You can use SAS through the SSCC – Social Sciences Computing Cluster (no additional charge), through the web based SAS Studio (no additional charge), or you can purchase a license.  I exclusively used SAS Studio and had no problems.


The Learning Goals of the course are:

  • Develop statistical modeling as a three step process consisting of: (1) exploratory data analysis, (2) model identification, and (3) model validation.
  • Understand how to use automated variable selection as a tool for model identification and as a tool for exploratory data analysis in the presence of a large number of predictor variables or a set of unlabeled predictors.
  • Develop a working understanding of the conceptual (theoretical) foundations of linear regression, principal components analysis, factor analysis, and cluster analysis with the objective of being capable of applying these techniques appropriately and validating their results.
  • Develop a conceptual and practical understanding of the difference between statistical inference and predictive modeling and how it affects our choices and actions in the statistical modeling process.
  • Learn the basics of the SAS Data Step, data manipulation with SAS, and SAS procedures (PROCS) for fitting statistical models.

Weekly Reading and Video assignments

Each week there are required textbook readings, optional textbook readings, course reserve readings, and lecture videos.  The weekly videos are PowerPoint presentations with audio, and go over the textbook readings for that week.  In addition, there are other lectures on special topics.

The special topics include:

Statistical Preliminaries and Notation

Statistical Assumptions for OLS Regression

Estimation and Inference for OLS Regression

Analysis of Variance and Related topics in OLS Regression

Hat Matrix Lecture

Statistical Inference vs Predictive Modeling in OLS Regression

Special Topic: Dummy Variables Hypothesis Testing

Special Topic Lecture (Degrees of Freedom)

Special Topic Lecture (Likelihood Function)

Special Topic Lecture (Mallow’s Cp)

Hypothesis Testing Multiple Linear Regression

Factor Analysis Example Lecture


Sync Sessions

There are a total of 4 Sync sessions.  These are invaluable as Dr. Srinivasan reviews the recent material, but then puts it all into a larger context.

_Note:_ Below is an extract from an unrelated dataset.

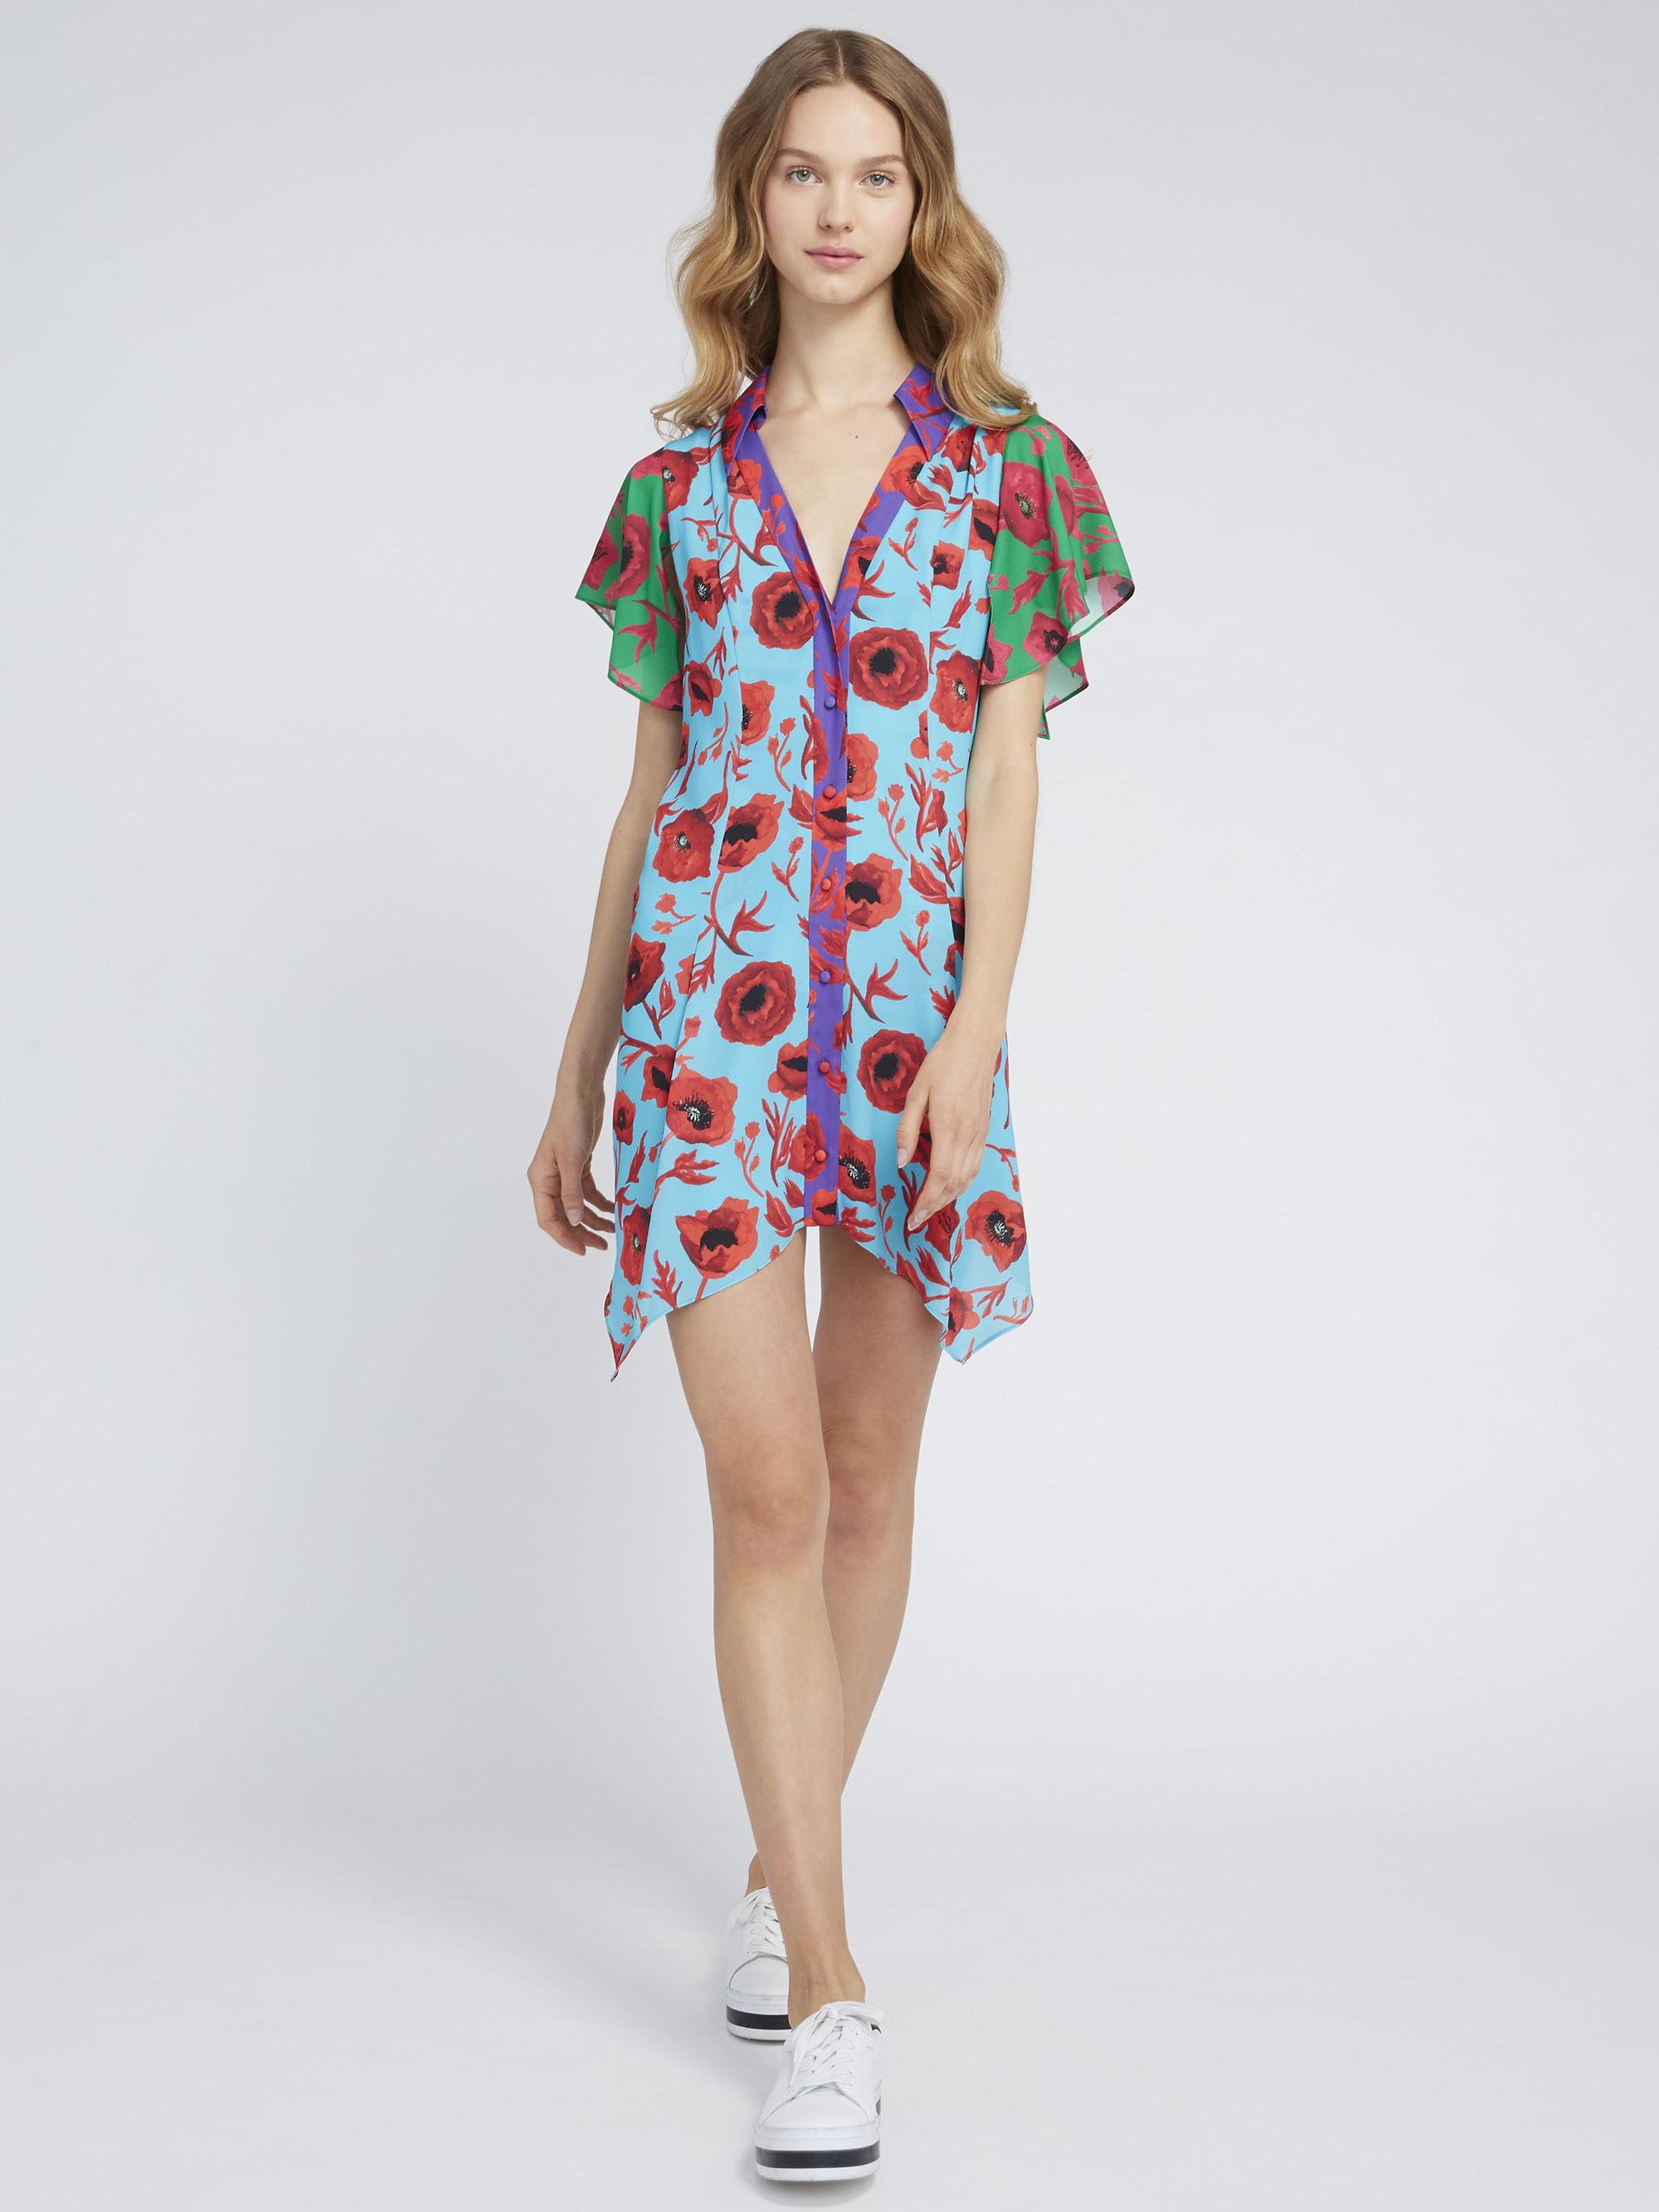 Alice + Olivia Synthetic Conner Floral Mini Dress in Blue - Lyst

There are a total of 8 assignments.  These are a combination of using SAS to do analysis and visualization, as well as having to provide an analysis of the produced outcomes.  The code is pretty much already written.  You will have to make a few modifications, but the focus is on using SAS, and the assignments are designed to test your ability to perform regression and multivariate analysis, not struggle producing code from scratch.  This was a very nice feature.  Each week there is a SAS demo video lecture where the Professor runs through the code and the assignment – extremely helpful.

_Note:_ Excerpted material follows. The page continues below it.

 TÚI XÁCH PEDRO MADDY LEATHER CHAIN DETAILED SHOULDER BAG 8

Here are the titles of the assignments:

Assignment 1: Getting to know your data.

Assignment 2: Regression model building.

Assignment 3: Data analysis and regression.

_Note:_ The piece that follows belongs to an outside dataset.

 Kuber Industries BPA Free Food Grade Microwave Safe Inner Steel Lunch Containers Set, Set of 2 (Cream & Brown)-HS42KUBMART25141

Assignment 4: Statistical inference in linear regression.

Assignment 5: Automated variable selection, multicollinearity, and predictive modeling.

Assignment 6: Principal components in predictive modeling.

Assignment 7: Factor analysis

Assignment 8: Cluster analysis.


Discussion Boards

These were extremely robust.  You have to answer 3 questions posed by Professor Srinivasan, and then actively engage in discussions around what other people posted.  The questions were relevant and helped the learning process.  The discussions were robust and enhanced the learning.

Follow up by Dr. Srinivasan

Each week she would send out several e-mails – on how the assignments went, to clarify issues presented in the discussion boards, and to follow up on quizzes.  These were very helpful.

Quizzes and Tests

There were a total of 5 open book quizzes.  These were very doable,  but somewhat demanding.

There were 2 final examinations – a take home exam (1 hour) and a proctored 2 hour exam.  These were challenging but doable.

Final Thoughts

This has been the highlight of the MSPA’s courses so far, as this course is the foundation for building predictive models.  The other courses I have taken were a lead up to this course.  Dr. Srinivasan has gone above and beyond and delivers a high quality product.  My favorite course and Professor so far.